*WHAT YOU SHOULD DO*
Could you restate word for word only the lines below from the one holding "Наклейка на стол" to the one holding "Liga Profesional Femenina", inclusive, and leave out the pictures?

*GIVEN INFORMATION*
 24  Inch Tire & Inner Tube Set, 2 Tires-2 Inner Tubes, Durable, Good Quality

* * *

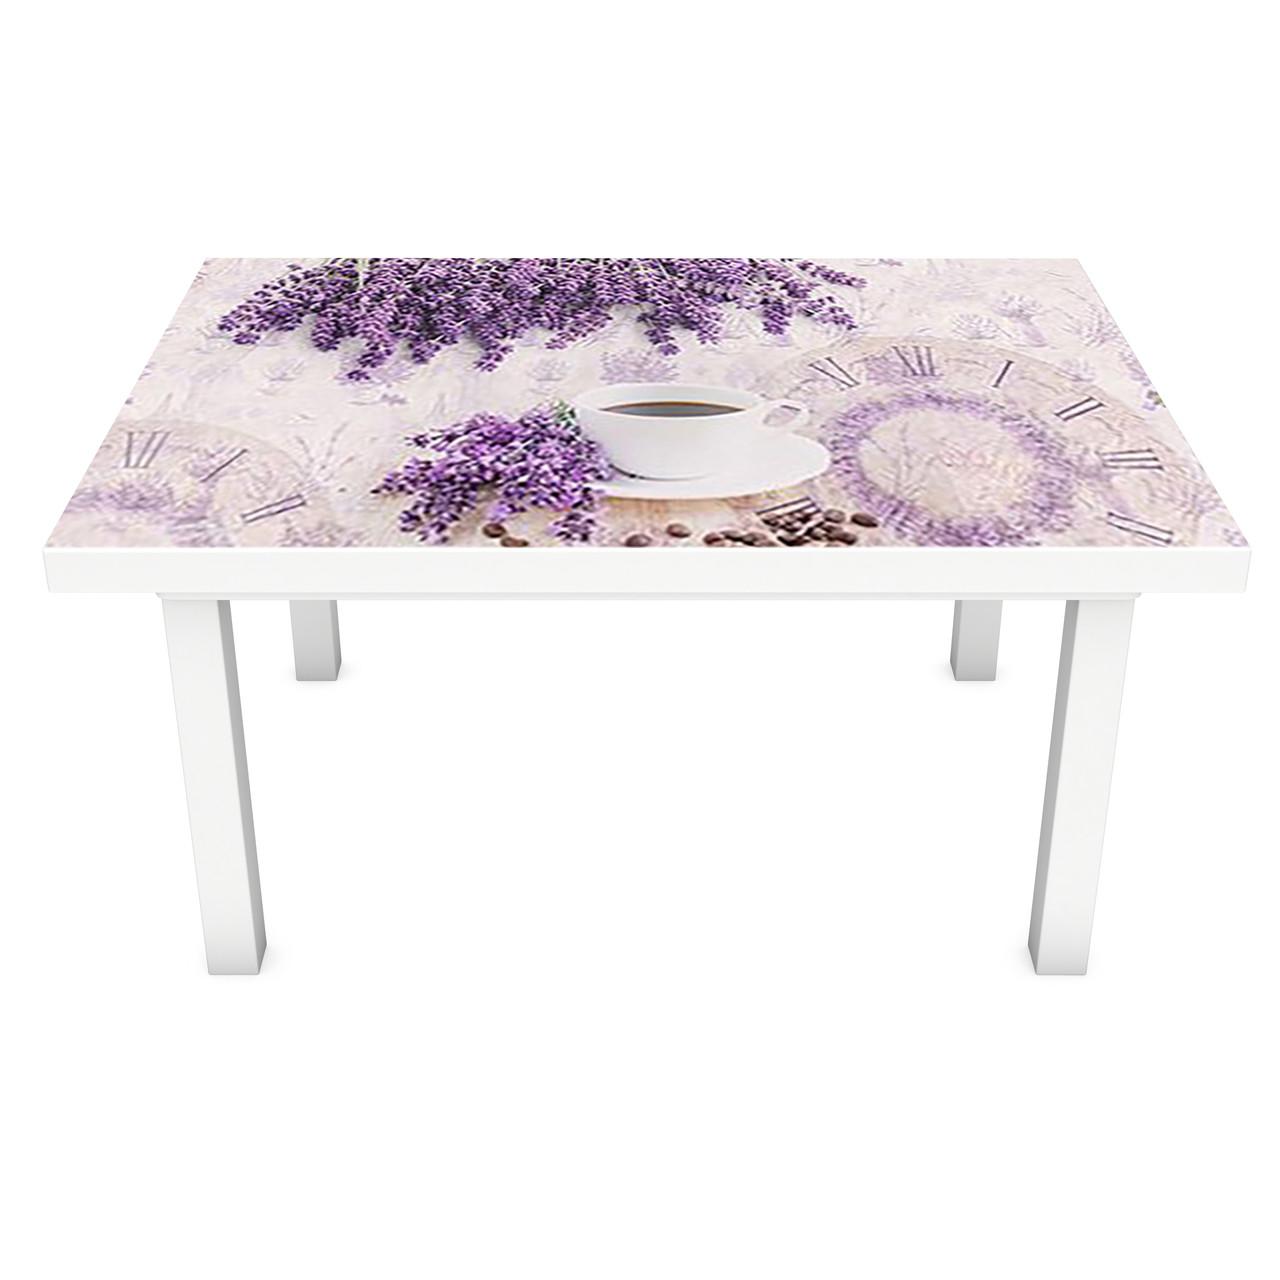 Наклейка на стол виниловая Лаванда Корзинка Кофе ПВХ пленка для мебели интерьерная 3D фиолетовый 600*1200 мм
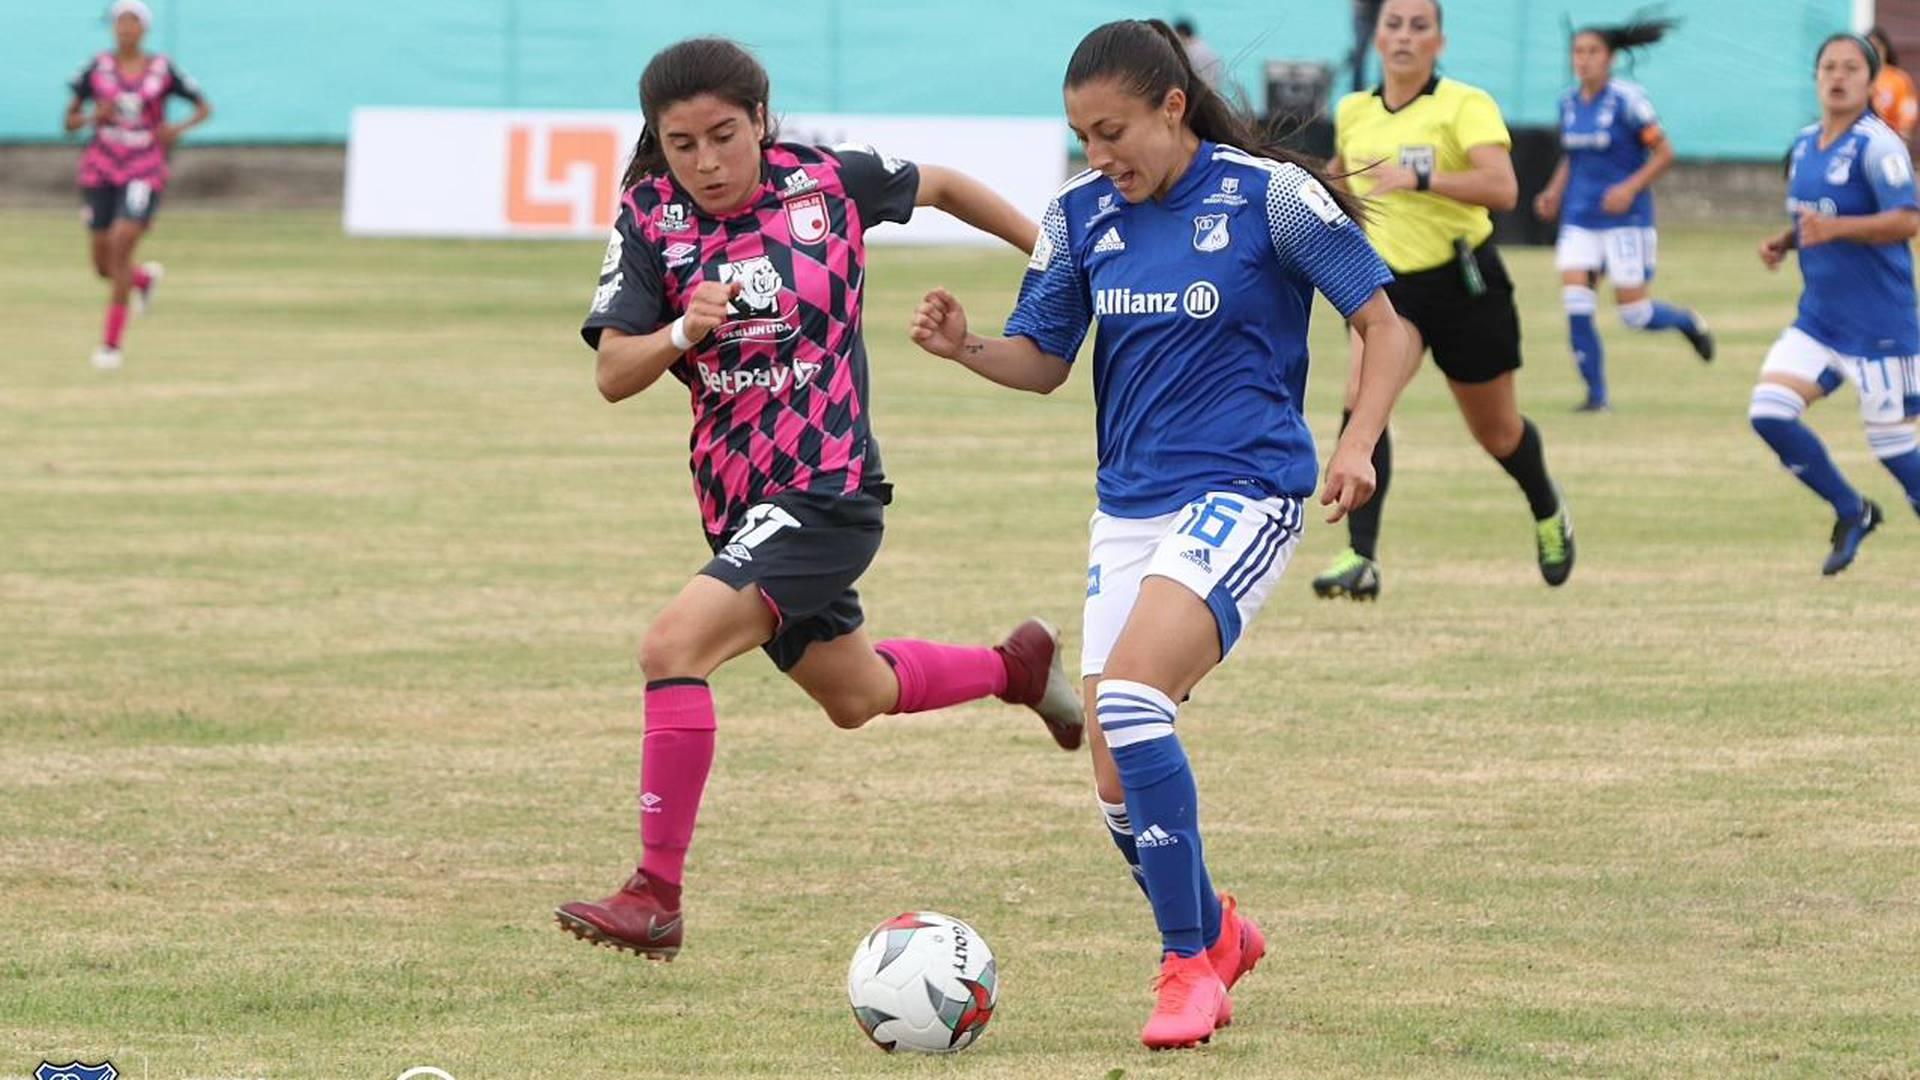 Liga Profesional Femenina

*ANSWER TO THIS PROBLEM*
 Наклейка на стол виниловая Лаванда Корзинка Кофе ПВХ пленка для мебели интерьерная 3D фиолетовый 600*1200 мм
 Liga Profesional Femenina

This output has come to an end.